→ **Exercise details**
Using the entries that follow, transcribe only the lines from the line with "LED-Lampe Baulind, bernsteinfarben, Ø" to the line with "Plakat der Falange", both included, exactly as they stand and without pictures.

Data to use START

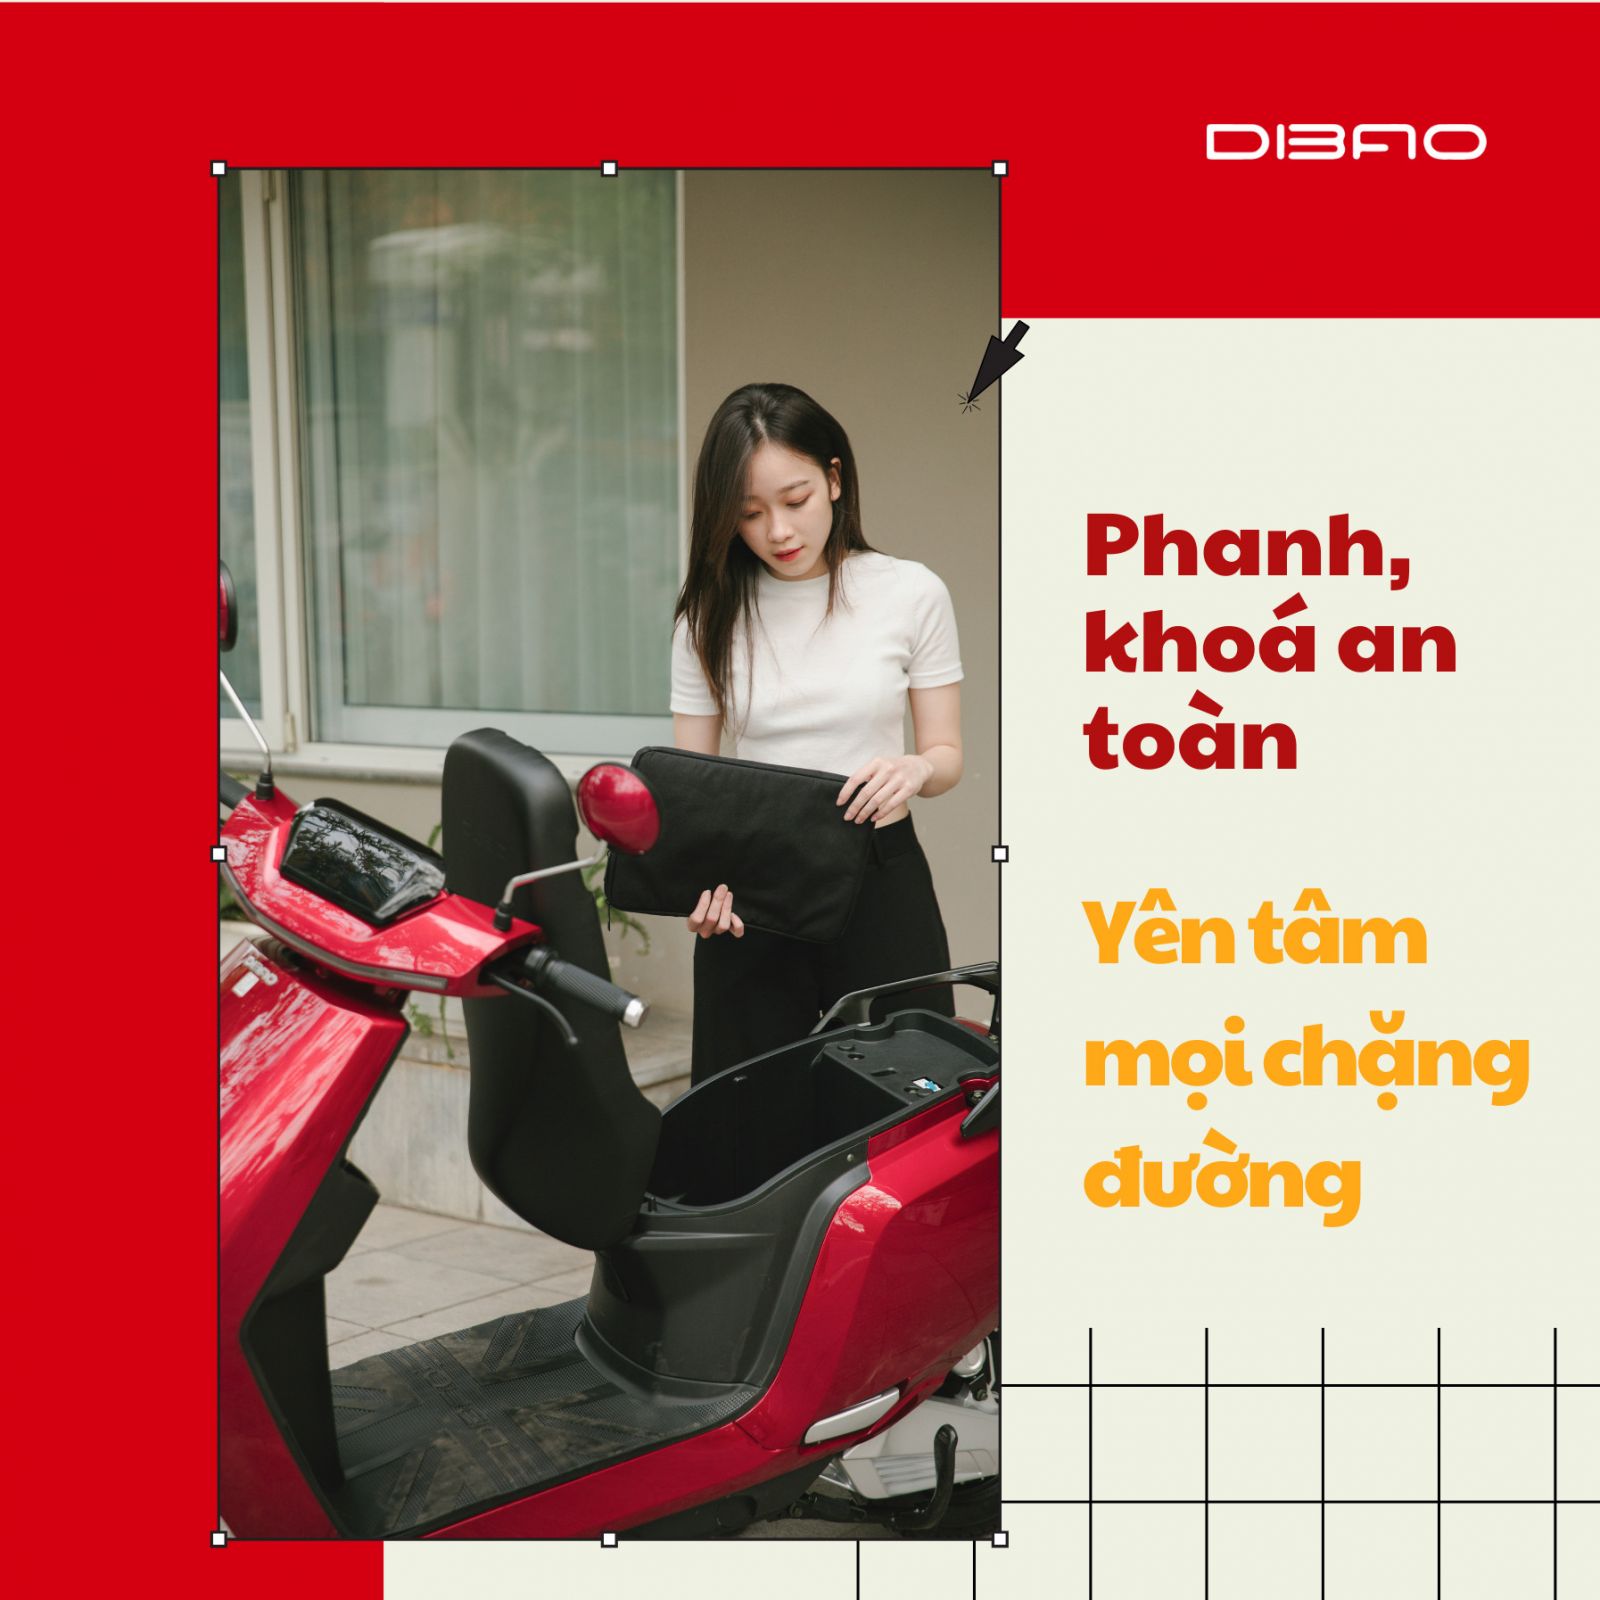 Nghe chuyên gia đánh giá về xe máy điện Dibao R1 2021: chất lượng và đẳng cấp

Data to use END
Data to use START

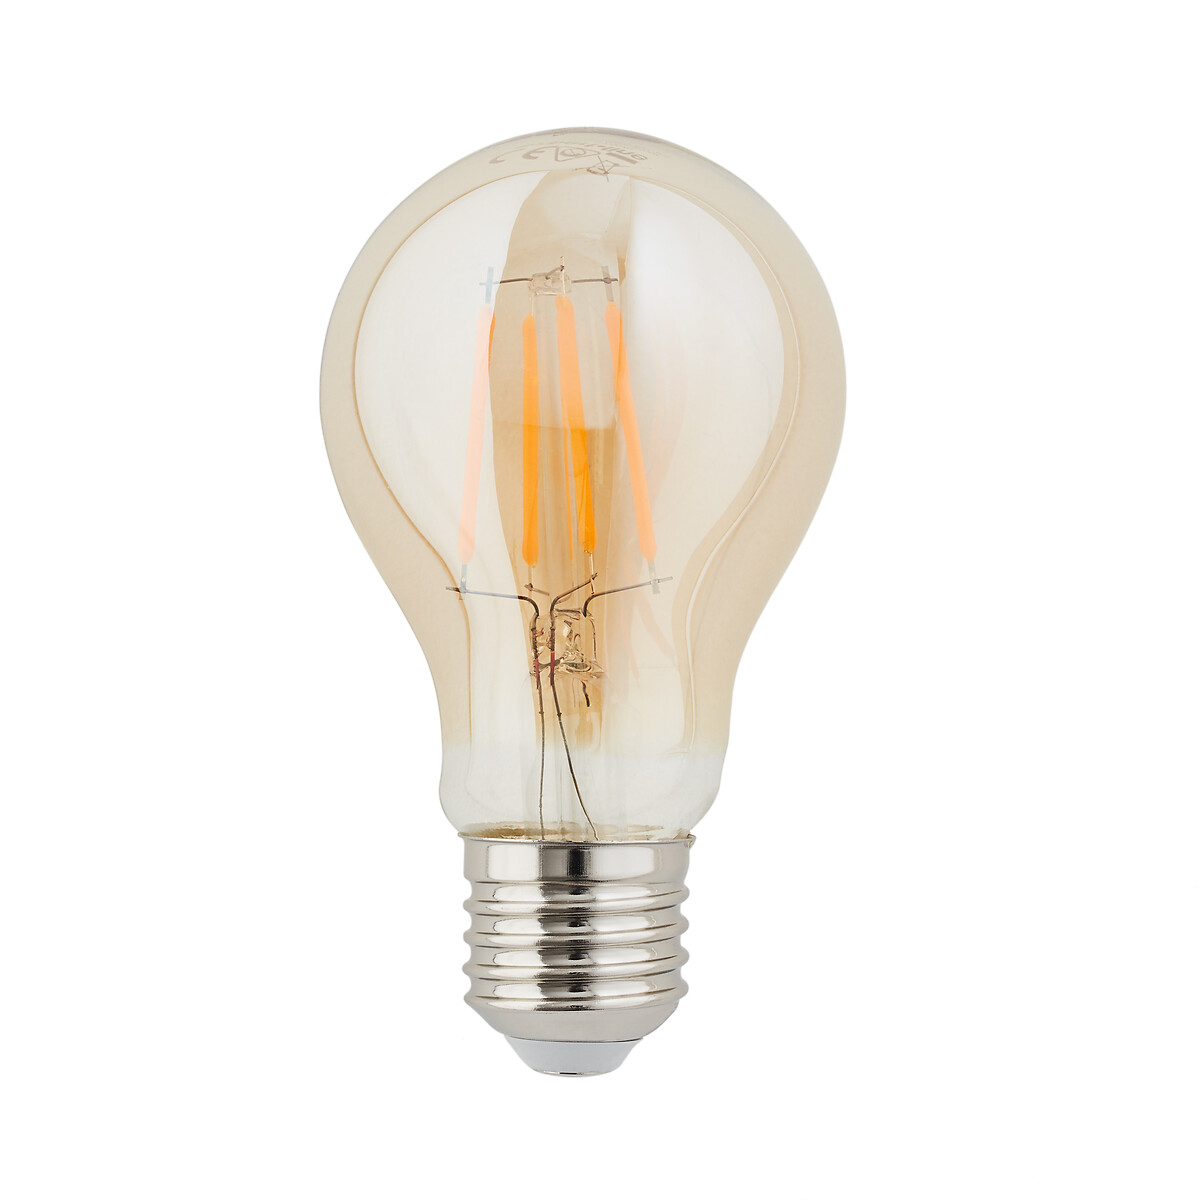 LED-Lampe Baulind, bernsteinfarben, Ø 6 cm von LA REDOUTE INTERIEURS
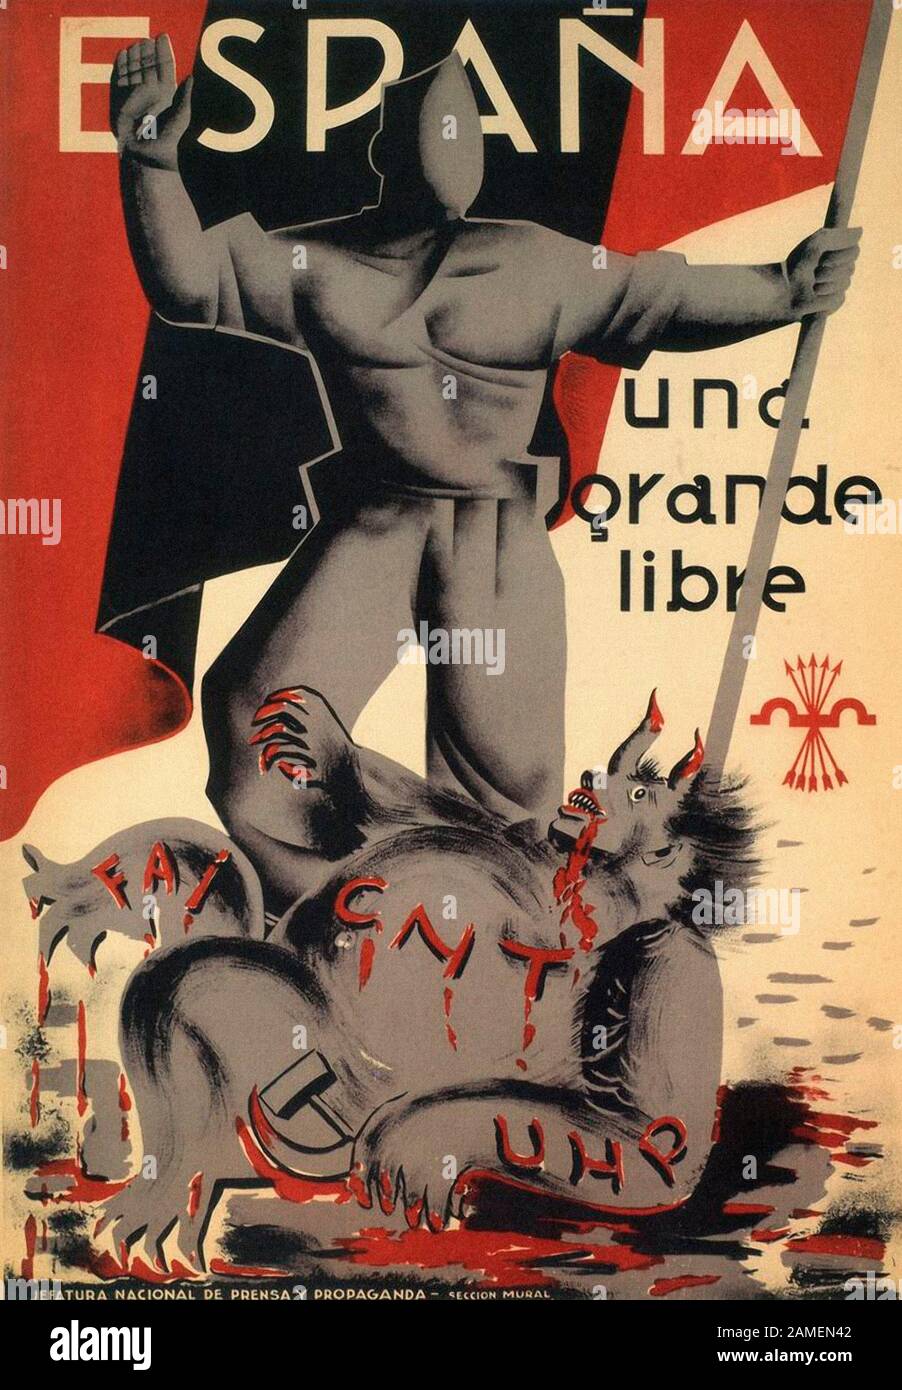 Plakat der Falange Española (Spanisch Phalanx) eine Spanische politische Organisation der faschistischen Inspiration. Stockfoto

Data to use END

→ **Solution for this exercise**
 LED-Lampe Baulind, bernsteinfarben, Ø 6 cm von LA REDOUTE INTERIEURS
 Plakat der Falange Española (Spanisch Phalanx) eine Spanische politische Organisation der faschistischen Inspiration. Stockfoto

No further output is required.